As the Majority Opinion concedes, we have already held in Commonwealth v. Willis, Ky., 719 S.W.2d 440 (1986), that where the Commonwealth offers proof of prior convictions for driving under the influence of alcohol at a trial of a subsequent DUI offense, proof must be by competent evidence; and in Hobbs v. Commonwealth, Ky., 655 S.W.2d 472 (1983), where the Commonwealth offers proof of previous offenses in the persistent felony offender phase of a criminal trial, proof must be by competent evidence. Where is the distinction? If one is to be made, it must be artificially contrived.
When the General Assembly used the word “evidence” in structuring KRS 532.-055(2)(a), it must be conclusively presumed that it meant evidence admissible in a court of law. If the statute had been worded in terms of “background information” which need not be reliable in the same sense as evidence admissible in conformity with the rules of evidence, I doubt this Court would countenance the statute’s shortcomings.
Yet, obviously the Majority realizes the shortcomings inherent in the Opinion, because, after dispensing with the requirements for admissibility found in the rules of evidence, the Majority then attempts a flawed explanation of (1) why the best evidence rule should not apply here and (2) why the business records exception to the hearsay rule should apply here. The flaws in such reasoning should be too obvious to warrant serious discussion, but I will address them briefly.
A judgment of conviction is nothing more than or different from any other court order, and the best evidence rule surely applies to a court order. As with the Department of Transportation printout in Willis, the probation officer’s records in Hobbs, and the Corrections Cabinet’s records in *232Gamer v. Commonwealth, Ky., 645 S.W.2d 705 (1983), the records used here to prove prior convictions were inadmissible hearsay: not matters within the personal knowledge of the witness and not a judgment of conviction qualifying under the best evidence rule as proof of its existence and contents.
It is even more a certainty that these matters do not qualify under the business records exception to the hearsay rule. It may well be that “we have a certified copy of the printout kept in the ordinary course of business by the state police,” as the Majority Opinion says. But to qualify as admissible under the business record exception this state police printout must first be a “record ... made at or near the time [of the ‘event’] by, or from information transmitted by, a person with [first hand] knowledge.” Federal Rules of Evidence, 803(6). See also Lawson, The Kentucky Evidence Law Handbook, § 8.65 III(C) (2nd Ed.1984), and cases cited therein. The evidence on this state police printout was not just hearsay, but hearsay on hearsay, gathered from unidentified sources. It is little more than a FBI rap sheet, and probably shares the same degree of reliability.
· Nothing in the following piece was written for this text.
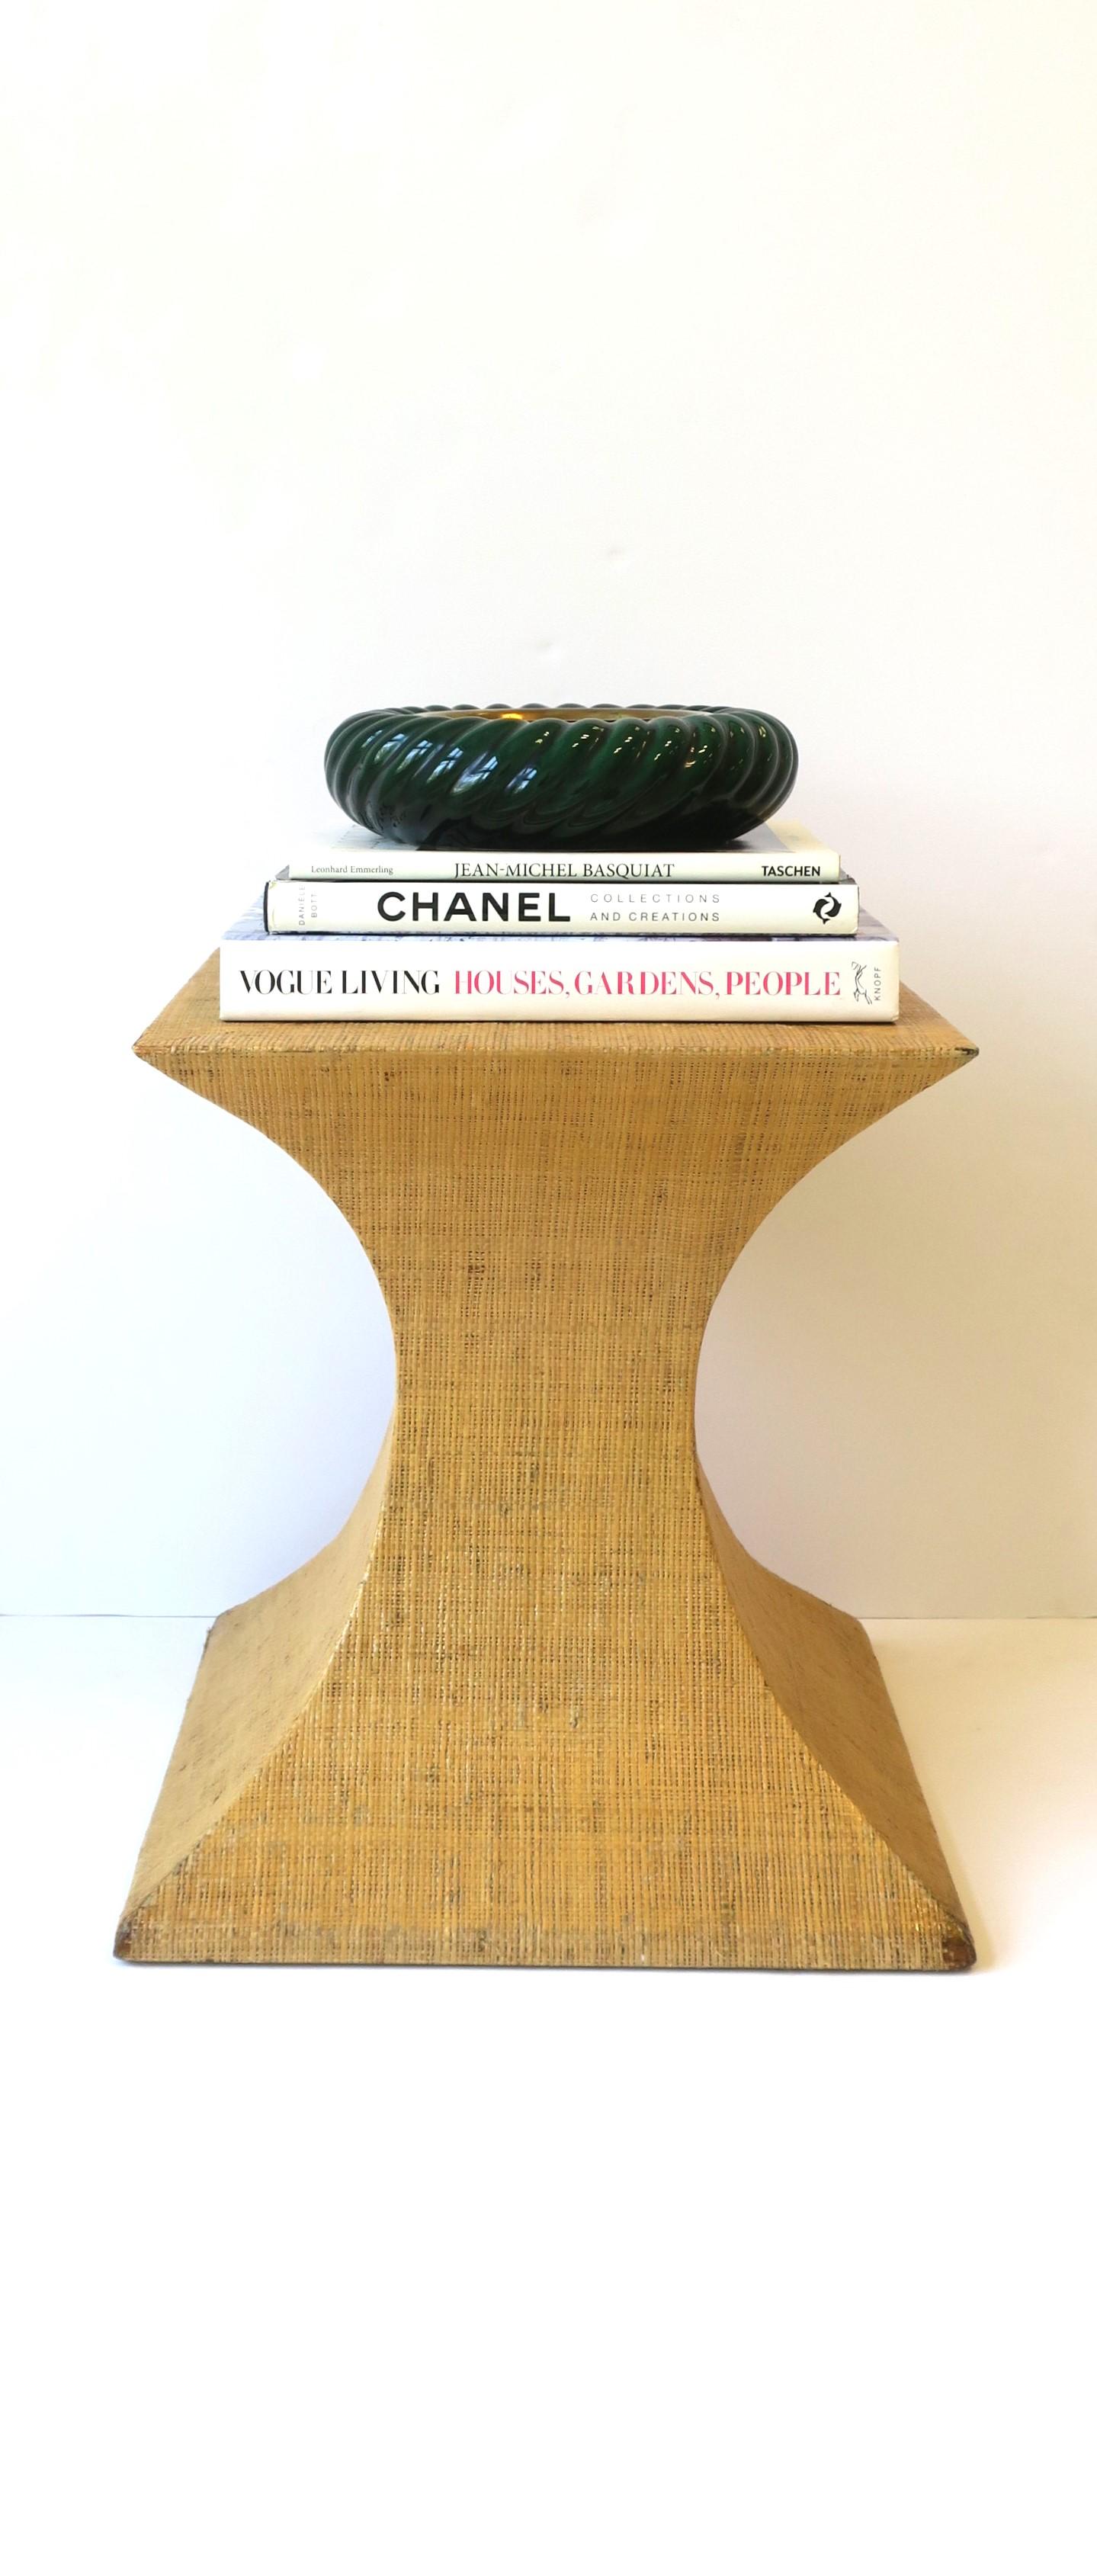 Modern Grasscloth Pedestal Table For Sale

Nor is it an acceptable response to suggest that it matters not the lack of quality of the evidence because “the defendant is given the opportunity to suggest any corrections deemed necessary.” Have we regressed so badly that we will now permit a witness to repeat unsubstantiated hearsay because the defendant will be permitted to take the stand and respond?
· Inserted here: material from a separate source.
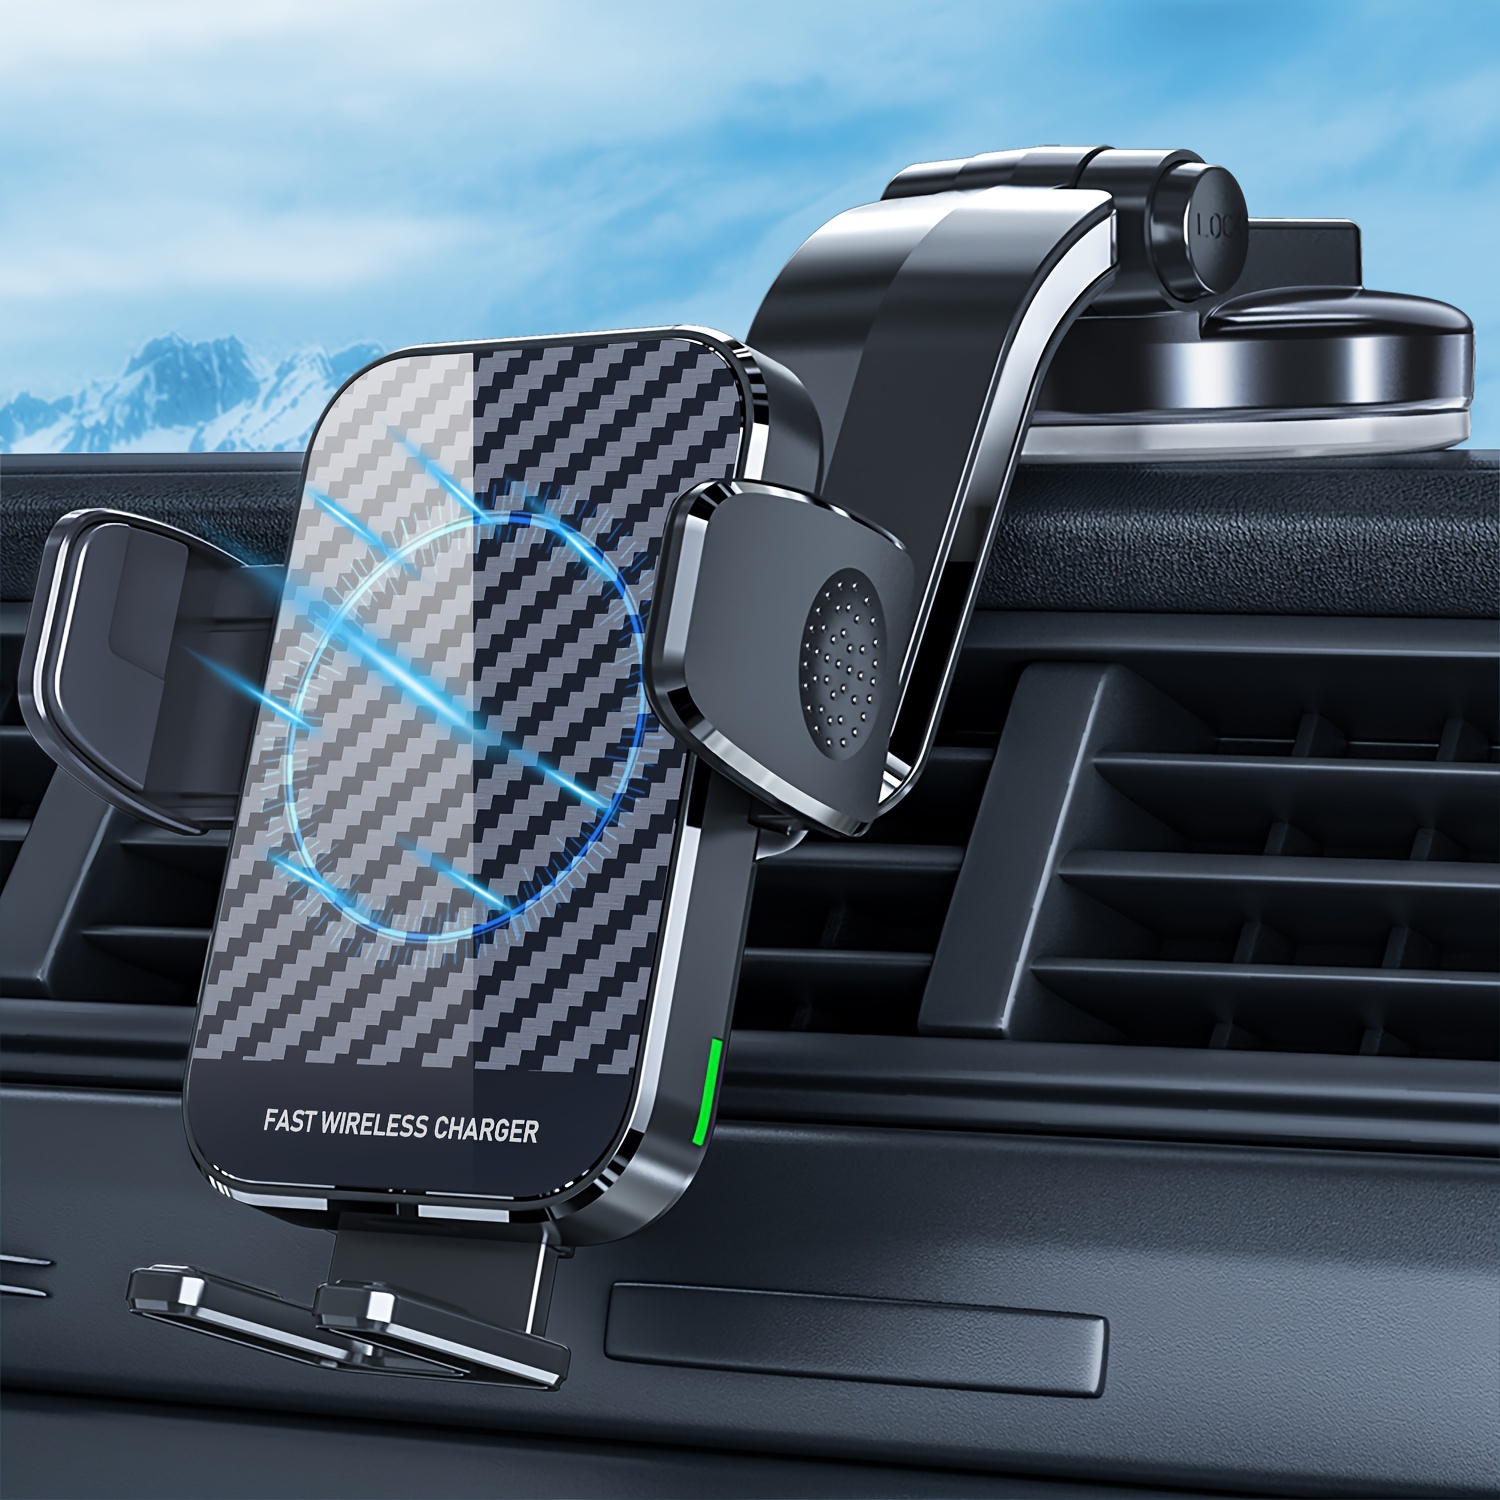 Kabelloses KfZ Handyladegerät Car Wireless Charger A18 neu in

I am reminded of a paragraph from a treatise by J. Grossman and R. Wells, Constitutional Law and Judicial Policy Making, p. 11 (3rd Ed.1988):
“The difference [‘between law and politics’] can be appreciated best as a distinction in the justification of legal and political decisions. The primary and proper justification of legal decisions ... is one of procedure and method, of means and not ends. The strength, and ultimately the legitimacy, of law and the courts lies in the establishment and application of fair, predictable procedures, not in producing any particular result.... It is only when judges objectively apply ‘neutral’ principles that... decisions are entitled to legitimacy and respect.”
I share with my colleagues their concern with the seeming inability of the legal system to deal with the ever-increasing crime problem, but surely it will not benefit the system to abandon the judicial process. The means used here do not justify the ends.
STEPHENS, C.J., and COMBS, J., join this dissent.